_SOURCE INFORMATION_
----------------

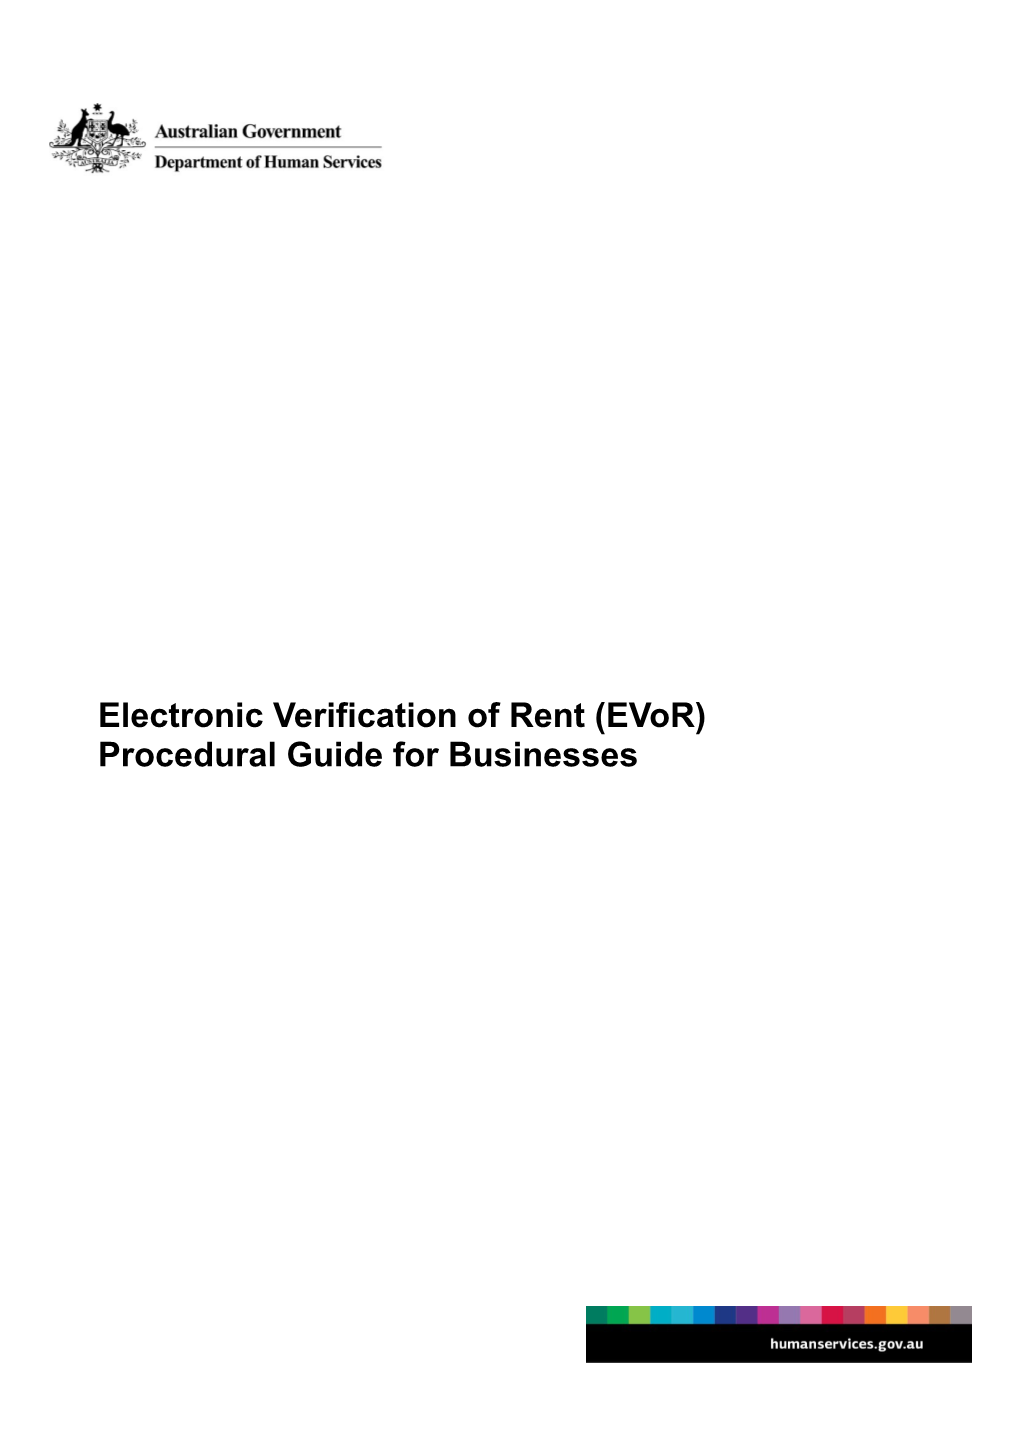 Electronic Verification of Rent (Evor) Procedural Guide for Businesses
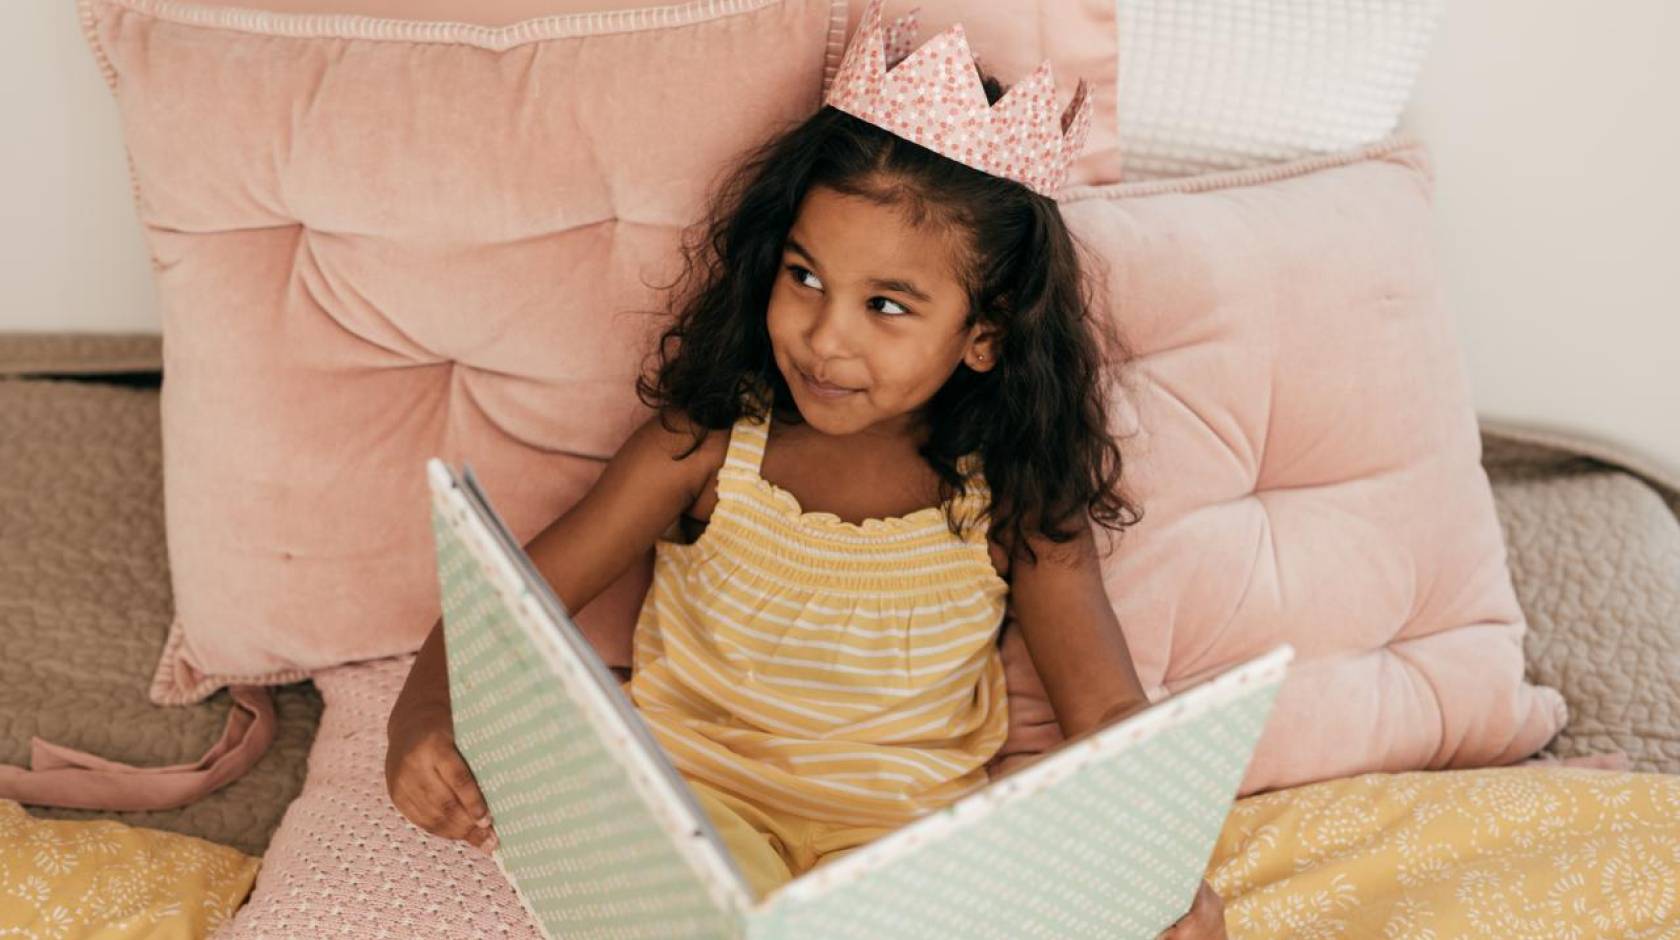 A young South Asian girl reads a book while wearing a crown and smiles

----------------

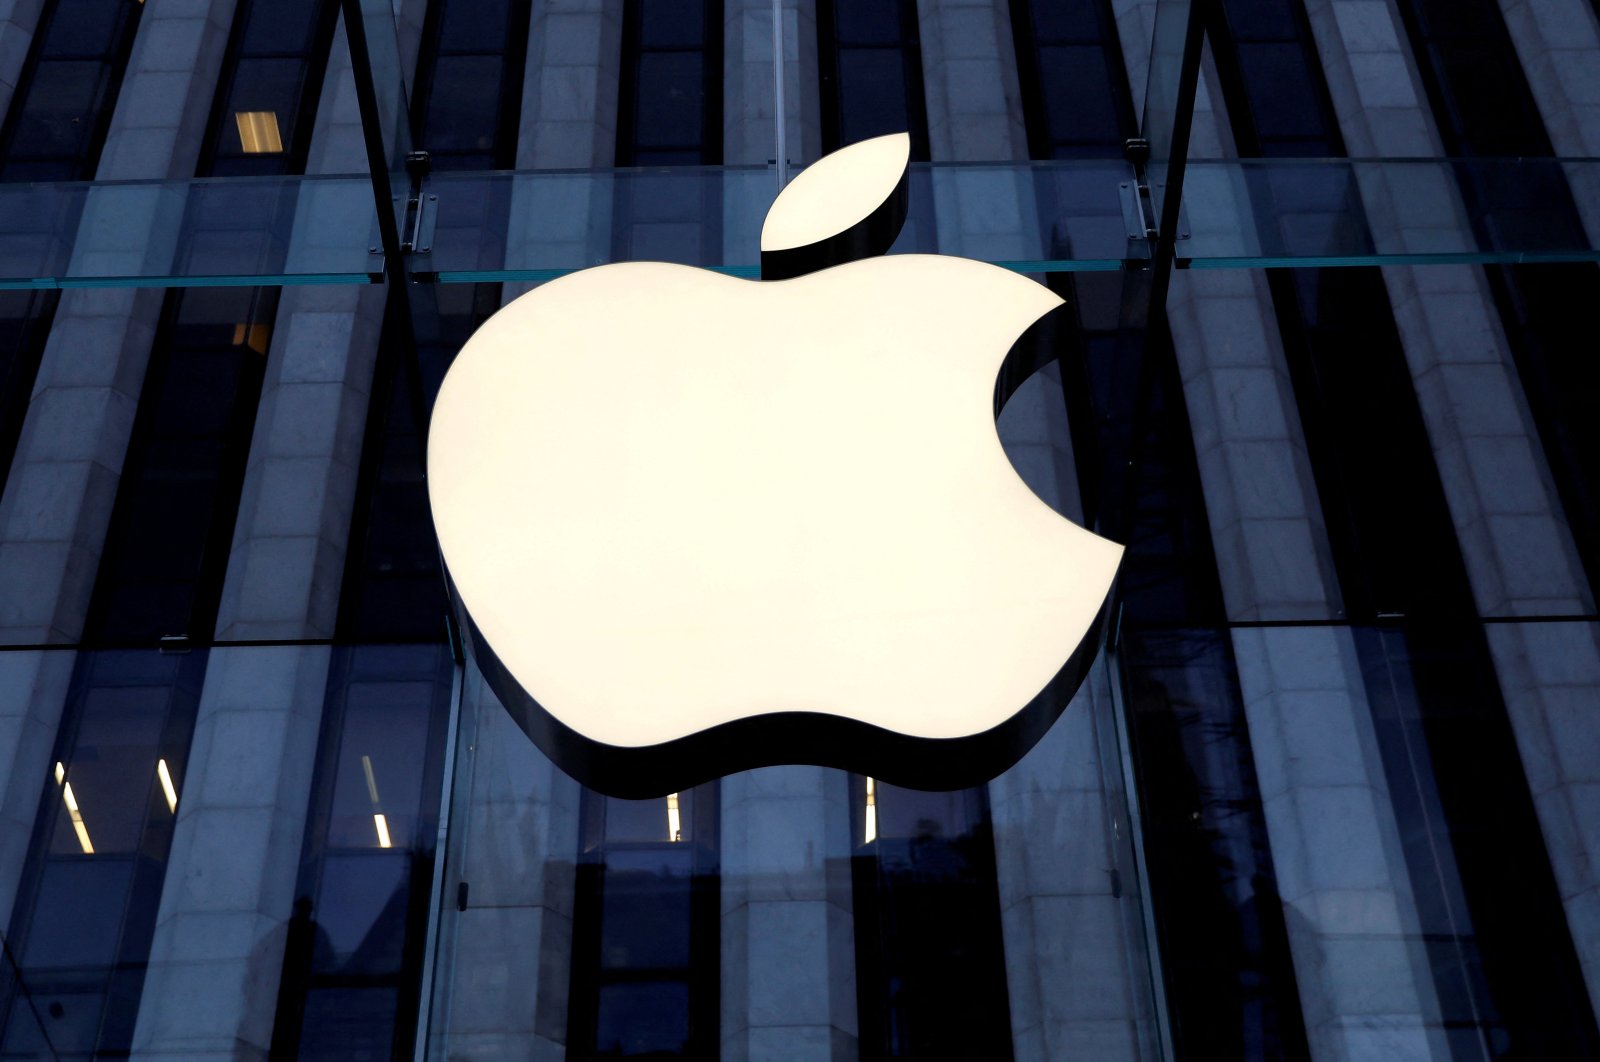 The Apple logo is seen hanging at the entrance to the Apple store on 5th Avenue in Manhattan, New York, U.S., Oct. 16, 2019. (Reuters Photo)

----------------

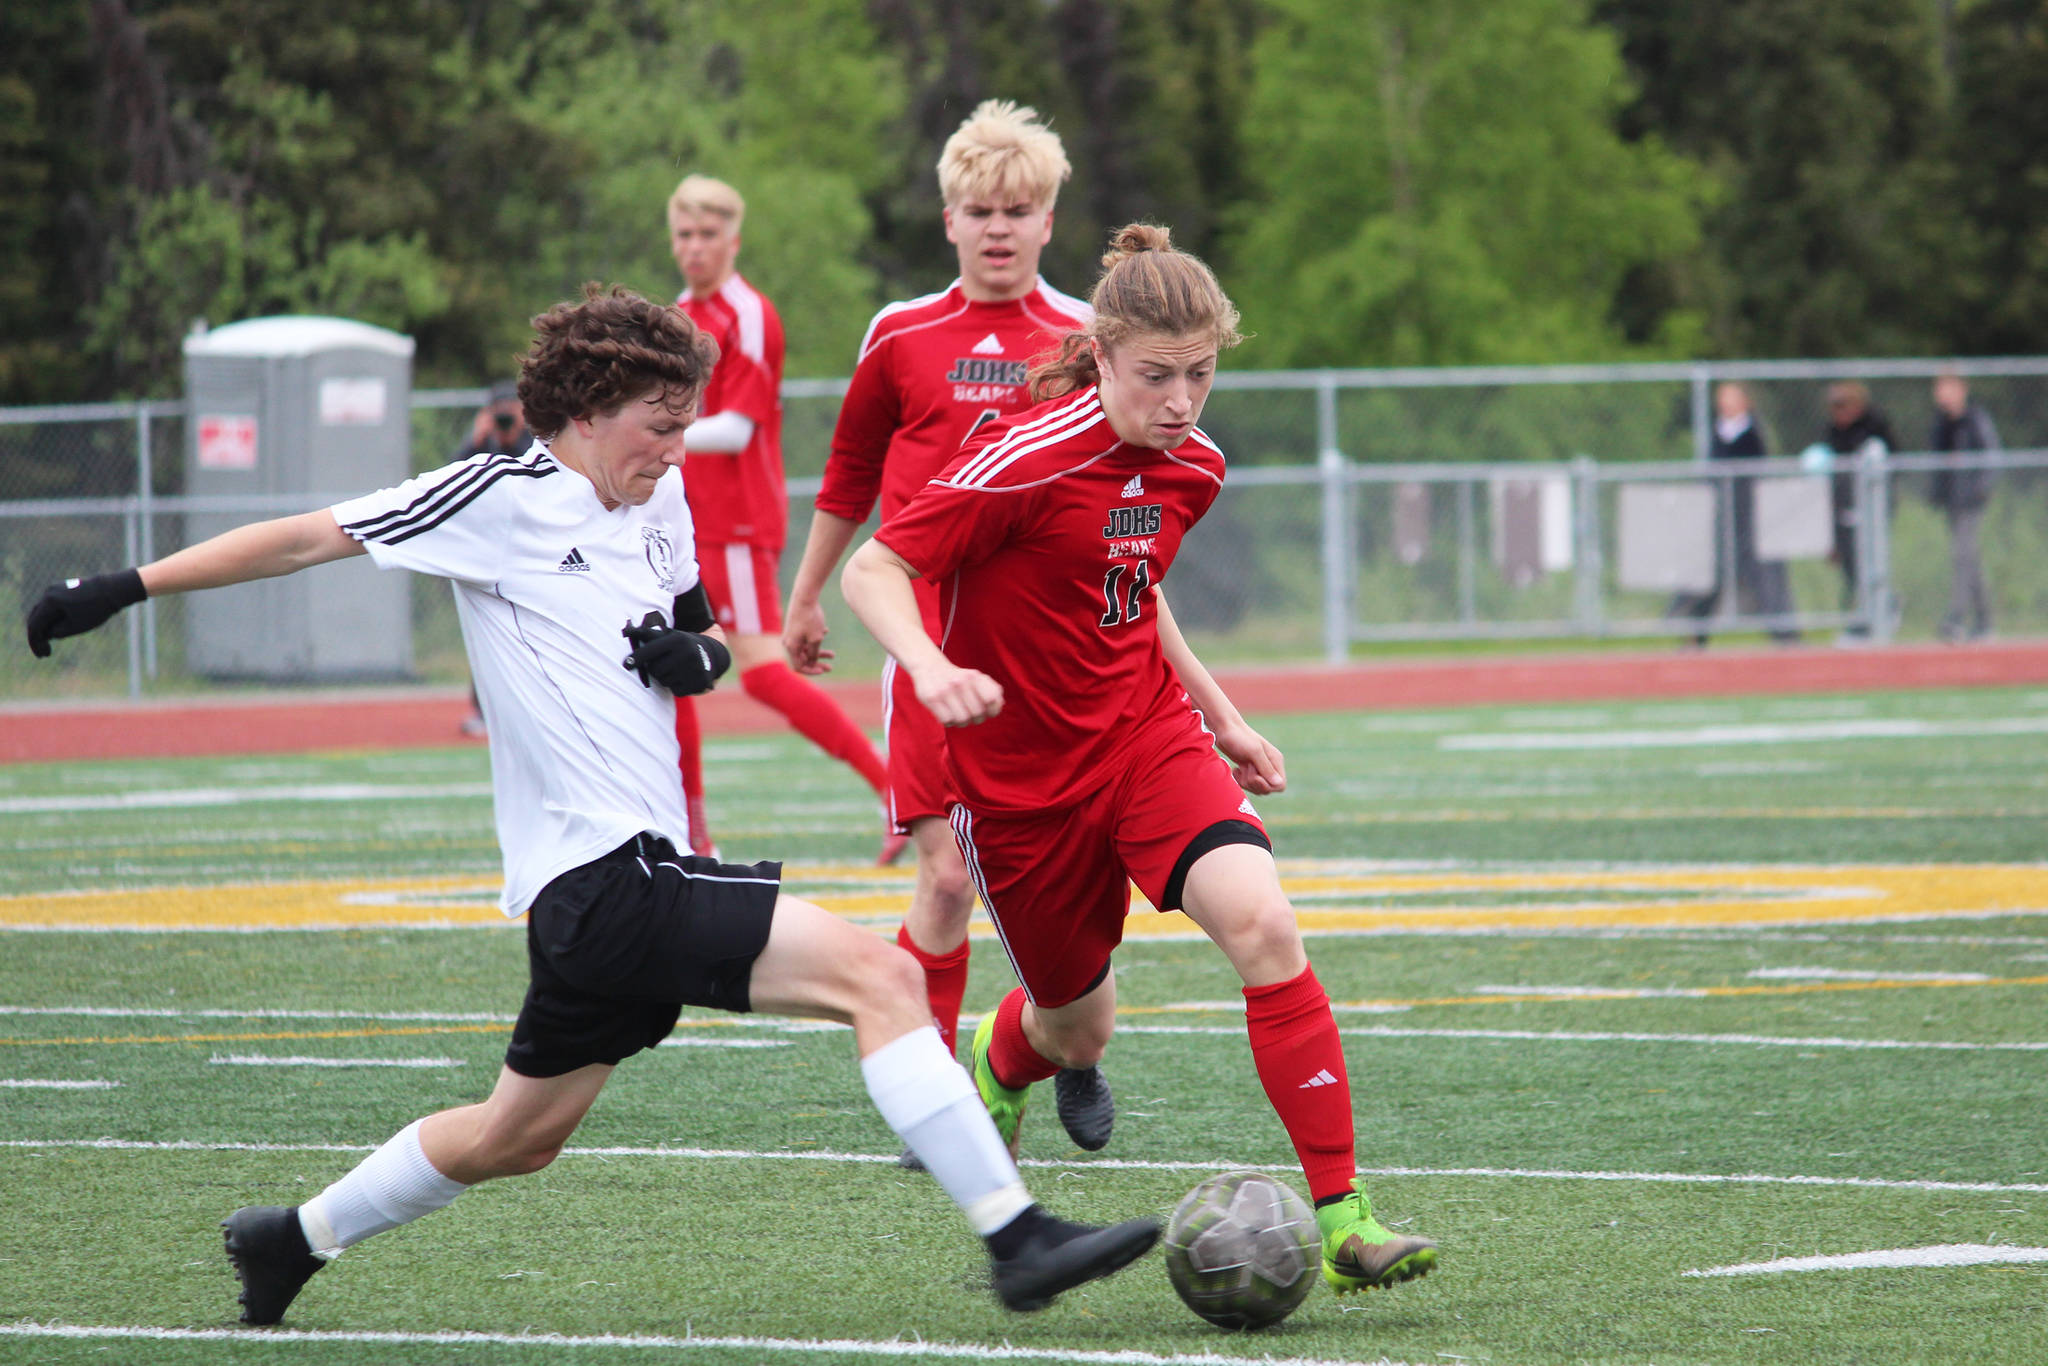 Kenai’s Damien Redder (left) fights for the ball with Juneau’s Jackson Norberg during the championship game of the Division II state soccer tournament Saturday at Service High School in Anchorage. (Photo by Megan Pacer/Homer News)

----------------

Leaving all pictures out, output exactly the lines of the material above from the line with "Electronic Verification of" to the line with "A young South", both included.

_RESPONSE_
 Electronic Verification of Rent (Evor) Procedural Guide for Businesses
 A young South Asian girl reads a book while wearing a crown and smiles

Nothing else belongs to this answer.